Beverly Hills Playhouse
After graduating from Harvard University in 1990, Barton relocated to Los Angeles and began his studies as an actor at the Beverly Hills Playhouse (BHP). Over the next 18 years, he completed apprenticeships as a director and teacher under Milton Katselas, BHP's founder.  Simultaneously with his artistic training, he began working part-time for BHP in 1993, rapidly ascending to become CFO in 1997 and then the school's youngest ever CEO in 2003. He began teaching for BHP in 2002, had a class under his own name in 2005, and taught alongside Katselas starting in 2007 up until Katselas' death in October 2008. Katselas bequeathed BHP ownership to Barton, who still teaches at the school and oversees its operations, including expansion to both New York and San Francisco.  He started the BHPs free-theatre concept, Project X, which presents free performances of established plays acted by BHP students.

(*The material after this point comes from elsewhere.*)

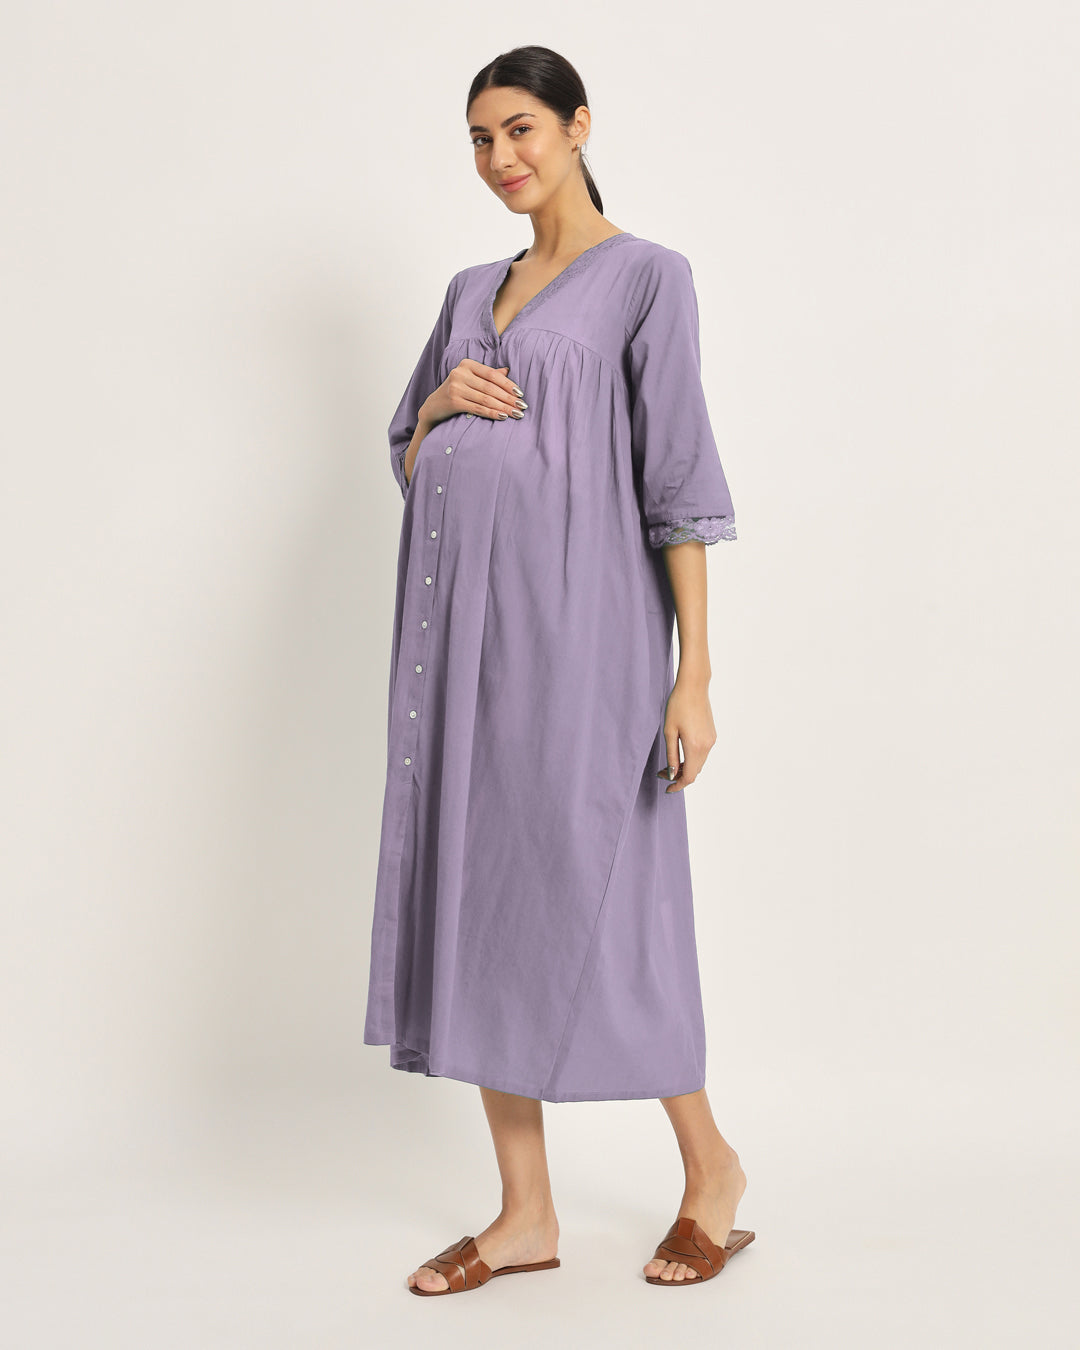 Combo: Lilac & Sage Green Stylish Preggo Maternity & Nursing Dress - Set of 2

In 2017, Barton released his book “The Oasis of Insanity,” which is a memoir of his unique apprenticeship with Katselas, as well as a guidebook to the study and pursuit of acting in the 21st century. Barton continues to maintain a blog for the BHP under the same name: The Oasis of Insanity.

Writing
Barton’s first play ENGAGEMENT was produced by the Skylight Theatre Company in Los Angeles in 2010, and was mounted as well in San Francisco in 2014. His second play, YEARS TO THE DAY (2013) received significant critical acclaim, with his writing compared to that of Albee, Mamet and George Bernard Shaw. Years to the Day was nominated in writing and acting categories by the LA Drama Critics Circle and the LA Weekly, and was one of the latter’s Ten Best Plays of 2013. It was performed in Paris in October, 2013, and also participated in the 59E59 St. Theatre’s “East To Edinburgh” Festival in June, 2014 on its way to a run at the 2014 Edinburgh Theatre Festival, and has since been performed in Kansas City, San Francisco, Ontario, with productions scheduled for Memphis as well as Adelaide, Australia. Barton’s third play, DISCONNECTION, had two successful Los Angeles runs in 2015.  His most recent play, CIRCLING, is currently in the pipeline for an equity production in the 2018-2019 season.

Directing
As a director, Barton has helmed the following Los Angeles stage productions: ABOUT FAITH (2001), I MAKE YOU LAUGHING (2004), PINK DOT (2005), BURN THIS (2006), THE LAST FIVE YEARS (2007), RABBIT HOLE (2008), THE REAL THING  (2009), ENGAGEMENT (2010), and Project X presentations of THE HEIDI CHRONICLES (2012), OLEANNA (2013), SPEED-THE-PLOW (2014), and GRUESOME PLAYGROUND INJURIES (2016).

Piano
As a classical pianist, Barton studied with Seth Kimmelman at New England Conservatory, and in Los Angeles with Bernardo Segall, Deborah Aitken and Mario Feninger. He was a prize-winner in the 2002 Los Angeles Liszt Society Competition, and has performed annual recitals in Los Angeles, New York, Boston and the New England area. He has recorded five compact discs, Debut Recital, 2, 3, 4, and 5, all available at cdbaby.com, Apple Music, and most streaming services. In 2010 he was made a Steinway Artist.

Personal life

Allen Barton grew up in Lexington, Massachusetts and has an A.B. from Harvard University, where he studied Russian & Soviet Studies, and was a VP for the Hasty Pudding Theatricals.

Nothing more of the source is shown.